§ **WHAT THE EXERCISE ASKS**: Once the pictures are removed, restate the listing word for word.
GIVEN DATA Block Start
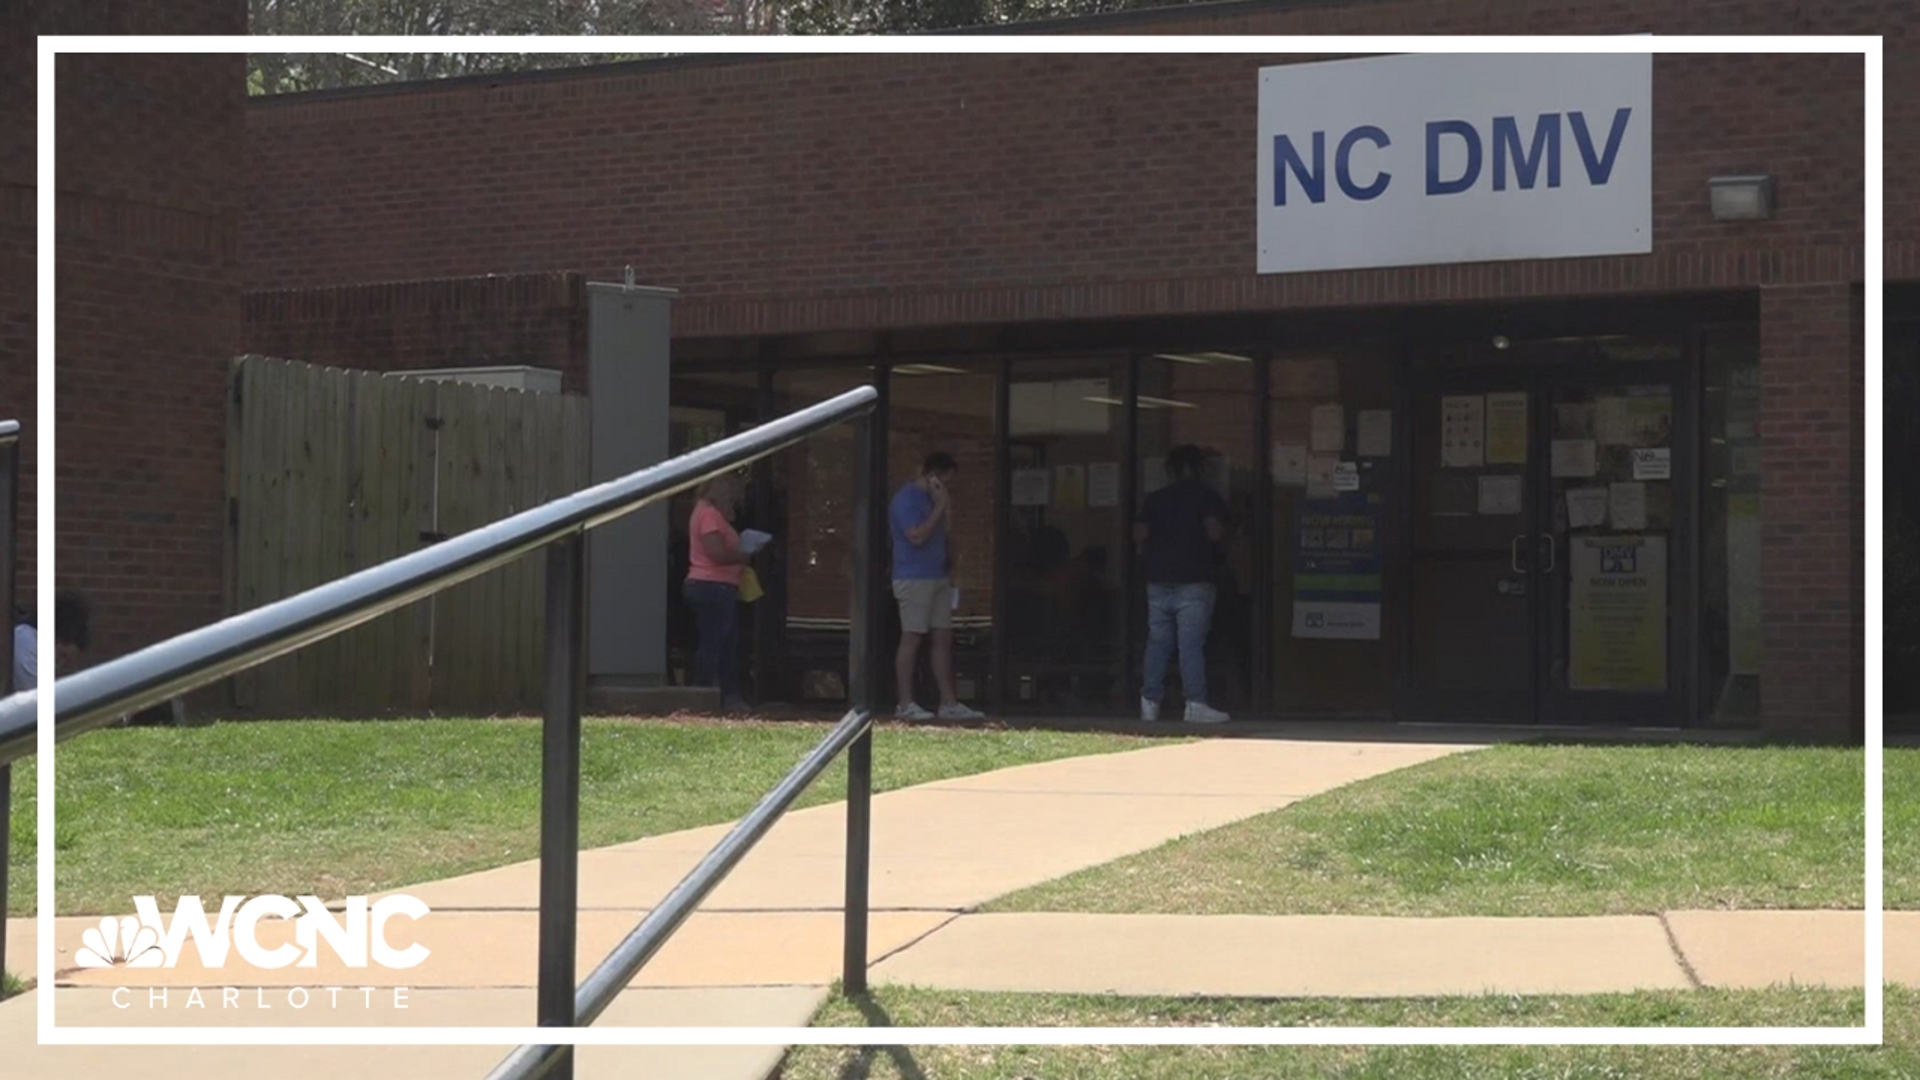 It comes as the state continues to face ID backlogs, which DMV leaders hope to clear by the end of the month.
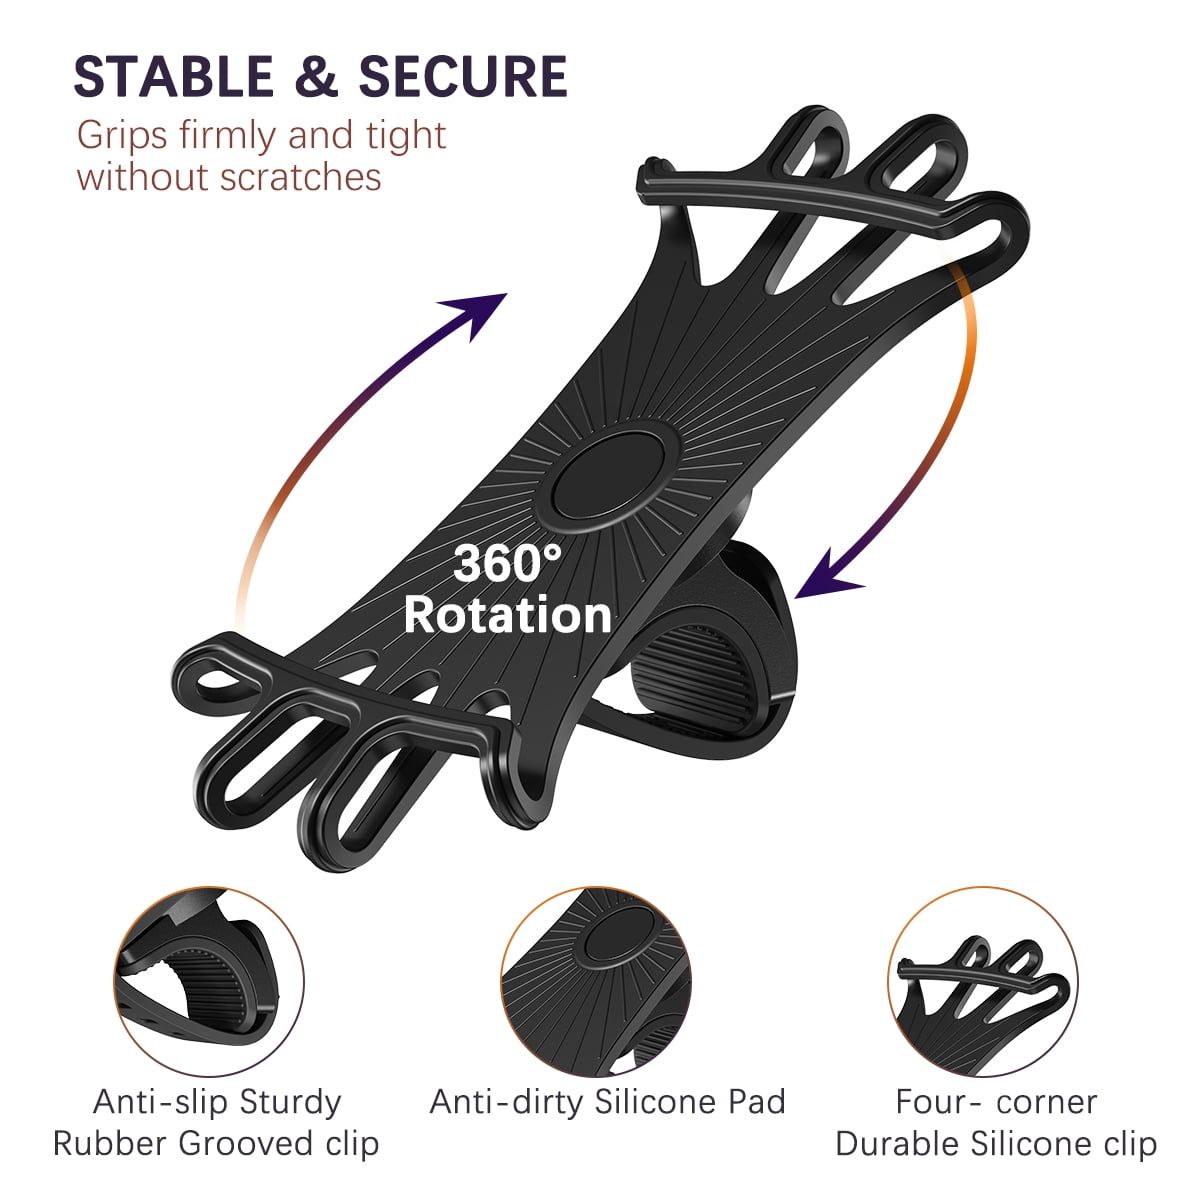 Universal Adjustable Silicone for Most Handlebar Samsung S10/S10E/S9 Black etc Fits with iPhone 11 Pro/XR/XS/X/7/8 Plus Anti-Slip 360°Rotation Bike Phone Mount Cell Phone Holder for Bike 
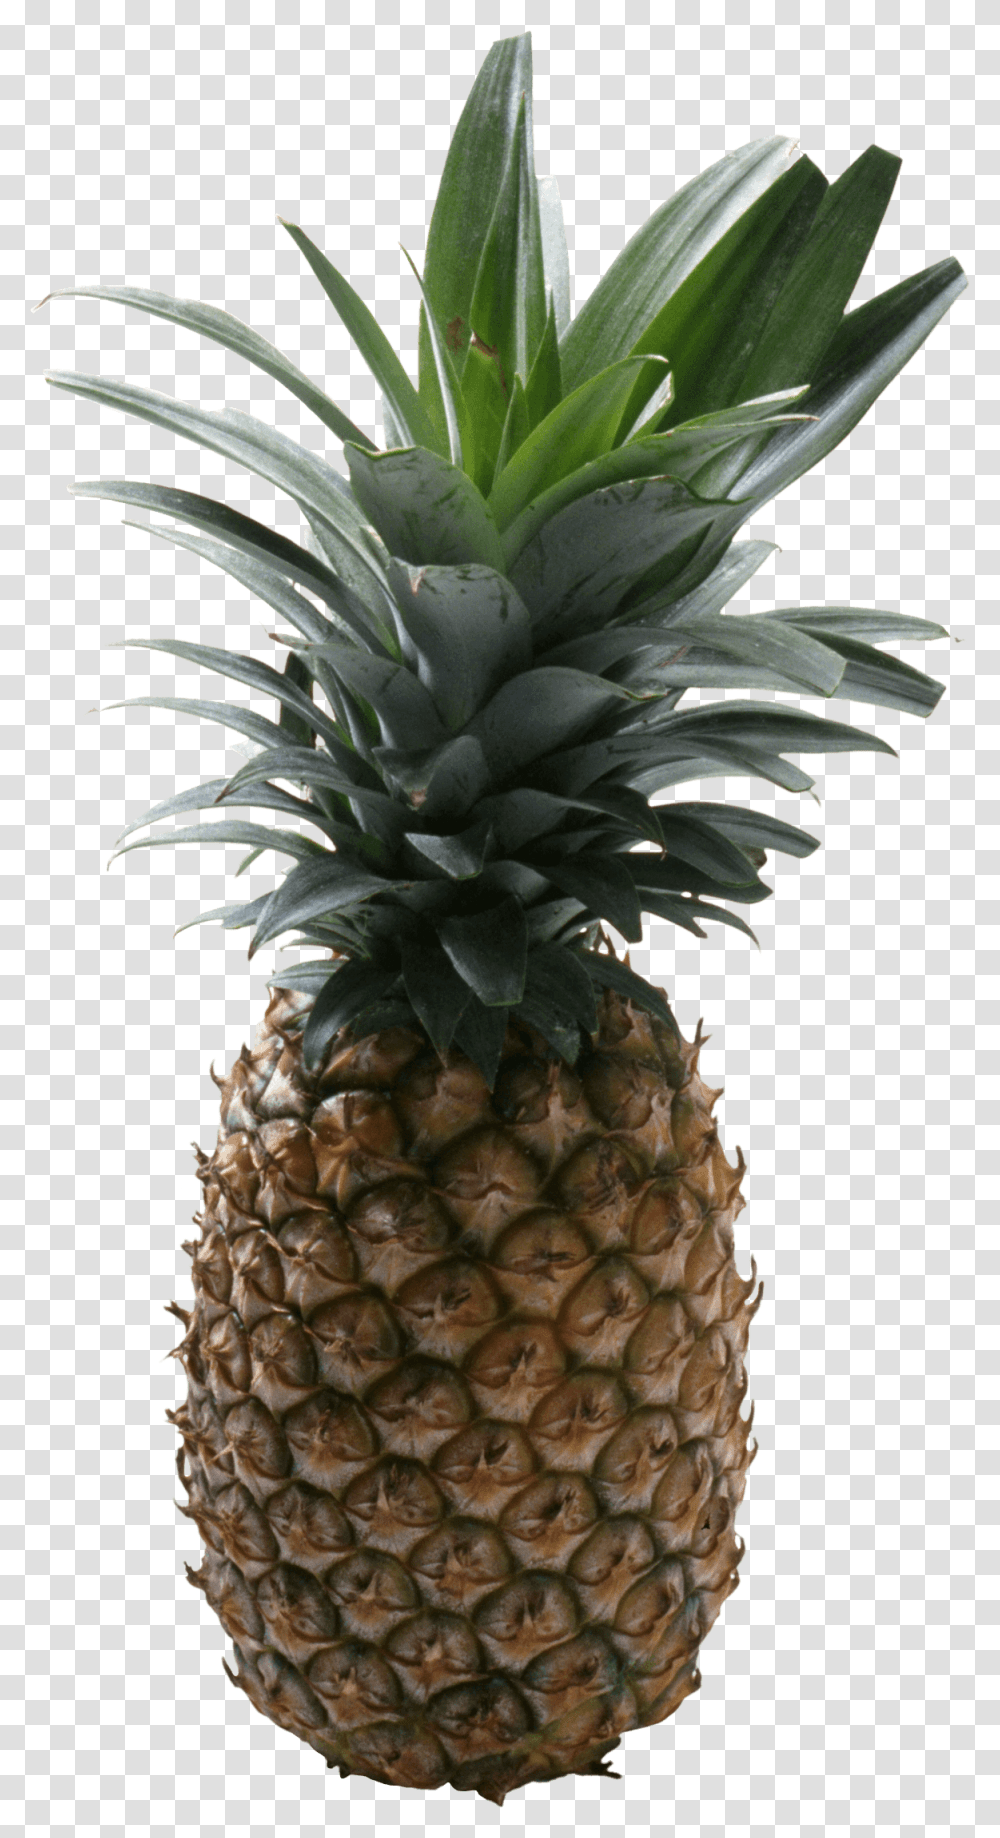 Pineapple No Background Pineapple With No Background, Fruit, Plant Transparent Png
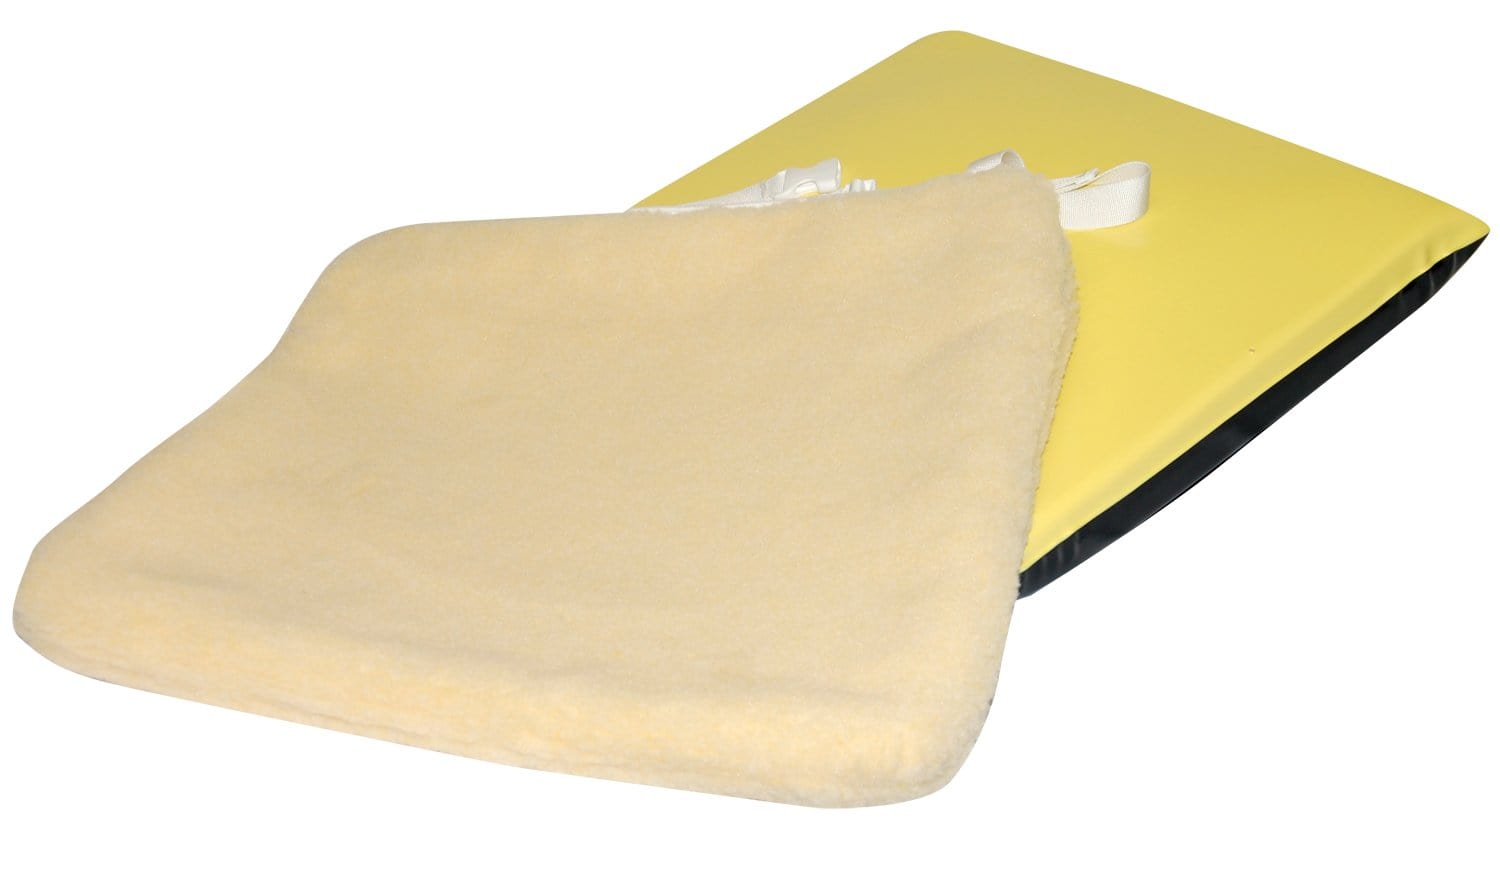 SkilCare Cushions 16" SkilCare Econo-Gel 16" Cushion with Sheepskin Cover
GIVEN DATA Block End
§ **THE ANSWER**:
 It comes as the state continues to face ID backlogs, which DMV leaders hope to clear by the end of the month.
 Universal Adjustable Silicone for Most Handlebar Samsung S10/S10E/S9 Black etc Fits with iPhone 11 Pro/XR/XS/X/7/8 Plus Anti-Slip 360°Rotation Bike Phone Mount Cell Phone Holder for Bike 
 Pineapple No Background Pineapple With No Background, Fruit, Plant Transparent Png
 SkilCare Cushions 16" SkilCare Econo-Gel 16" Cushion with Sheepskin Cover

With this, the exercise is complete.